As illustrated in FIG. 21, in steps S603 and S609, each of the HMDs 100A and 100B first estimates the other user in a bad relationship on the basis of content written into SNSs, blogs, and electronic mail, and holds the user in a list.

In steps S606 and S611, each of the HMDs 100A and 100B then transmits the list to the action support server 500. Each of the HMDs 100A and 100B regularly/irregularly performs the processing (S603 to S611).

Next, in step S612, the action support server 500 updates the relationship list DB 56 in accordance with the list transmitted from each of the HMDs 100A and 100B. This keeps the list updated at all times, the list showing the relationship between the users and being stored in the relationship list DB 56.

In steps S615 and S168, each of the HMDs 100A and 100B then acquires scheduled action of the other user in a bad relationship within a predetermined time, who appears in the list. The scheduled action of the other user may be acquired from the HMD worn by the other user or from the action support server 500. Specifically, for example, the HMD 100A acquires the scheduled action of the user 60B from the action support server 500, the user 60B being in a bad relationship with the user 60A wearing the HMD 100A.

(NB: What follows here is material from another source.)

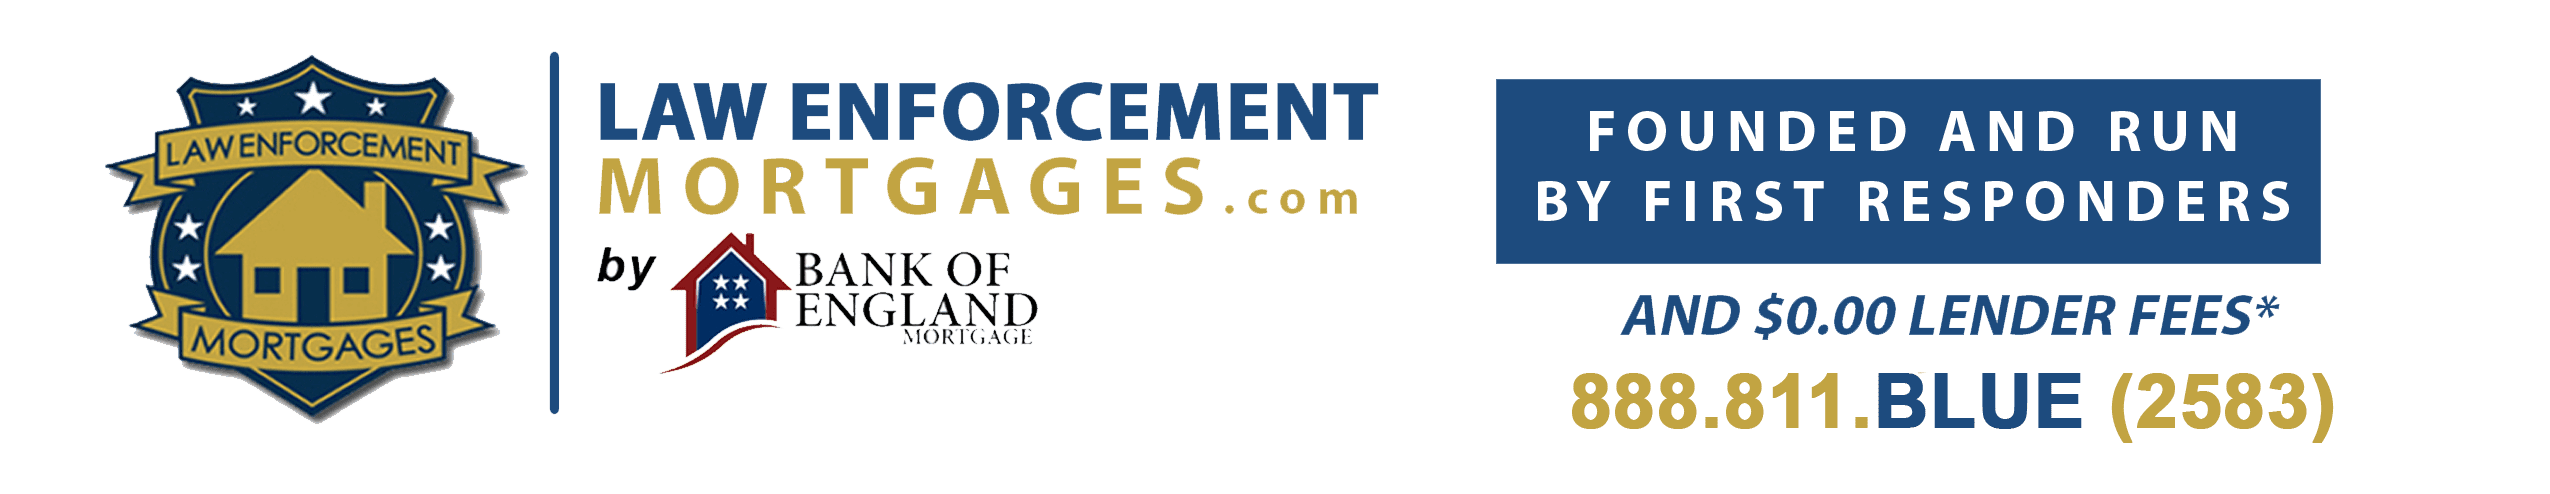 LawEnforcementMortgages.com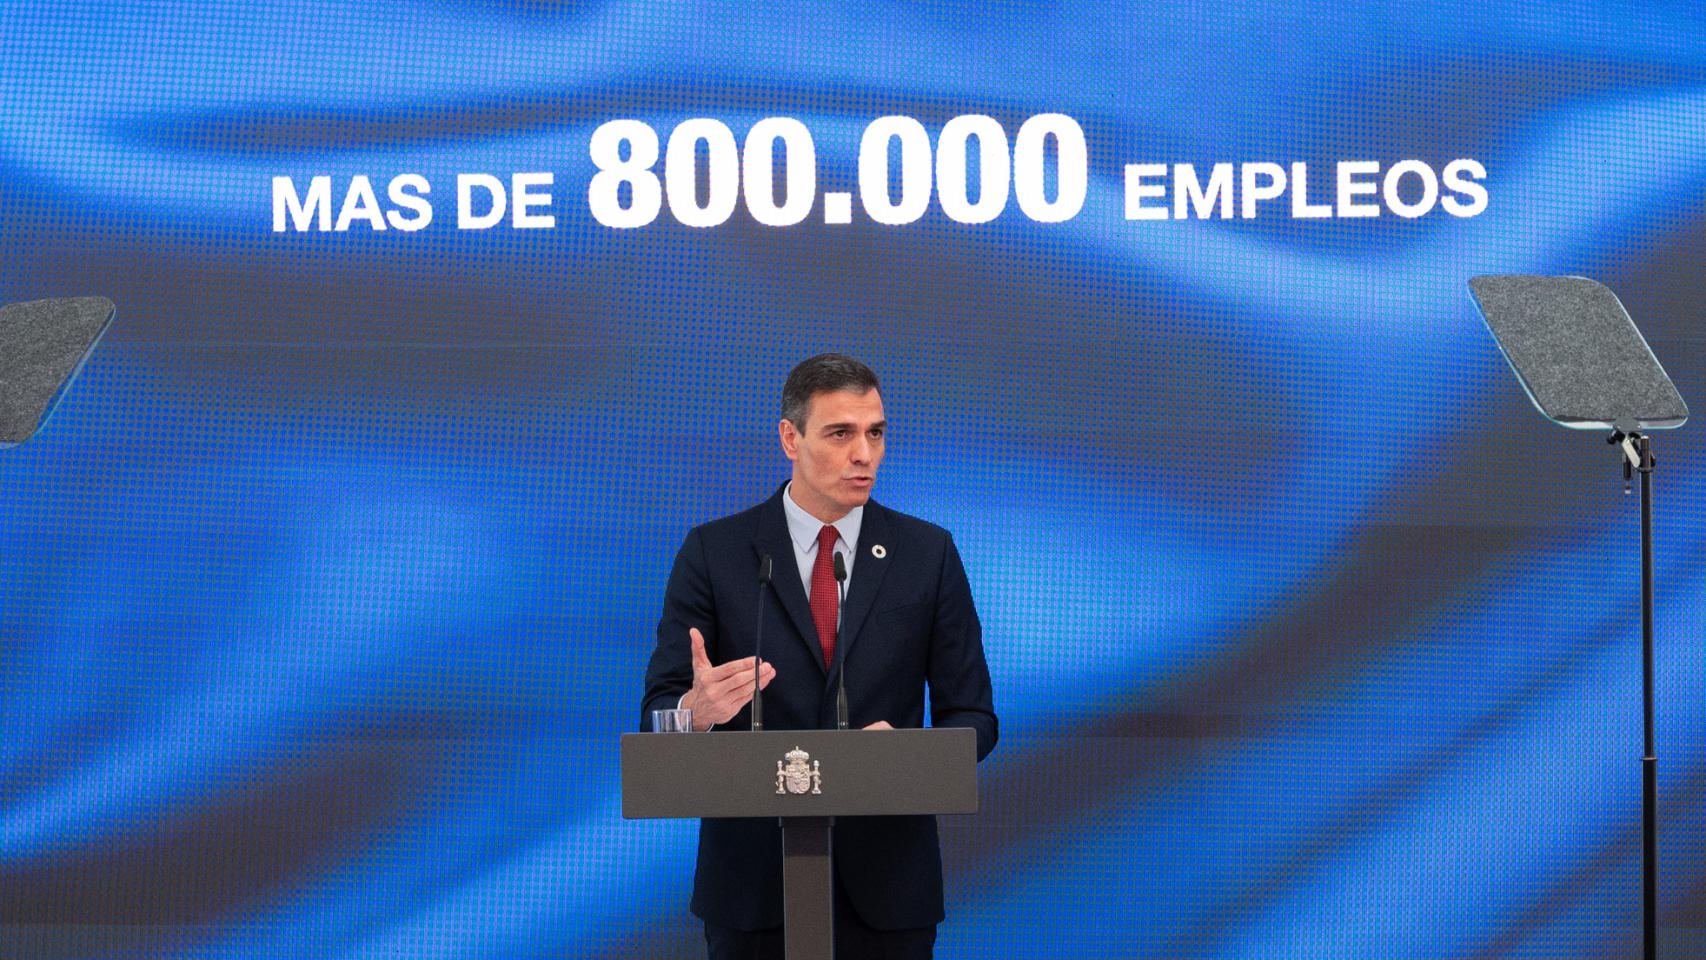 El presidente del Gobierno, Pedro Sánchez, promete 800.000 empleos en tres años.

In steps S621 and S624, each of the HMDs 100A and 100B compares the scheduled action of the user with the scheduled action of the other user appearing in the other list. Specifically, the HMD 100A, for example, estimates the scheduled action of the user 60A by using the user action estimating unit 107, and compares, by using the support content deciding unit 108, the estimated scheduled action of the user 60A with the scheduled action of the user 60B acquired in S615.

Next, in steps S627 and S630, each of the HMDs 100A and 100B determines whether any action is scheduled within a predetermined distance at the same time. Specifically, the HMD 100A, for example, determines, by using the support content deciding unit 108, whether the user 60A and the user 60B each have any action scheduled within a predetermined distance at the same time.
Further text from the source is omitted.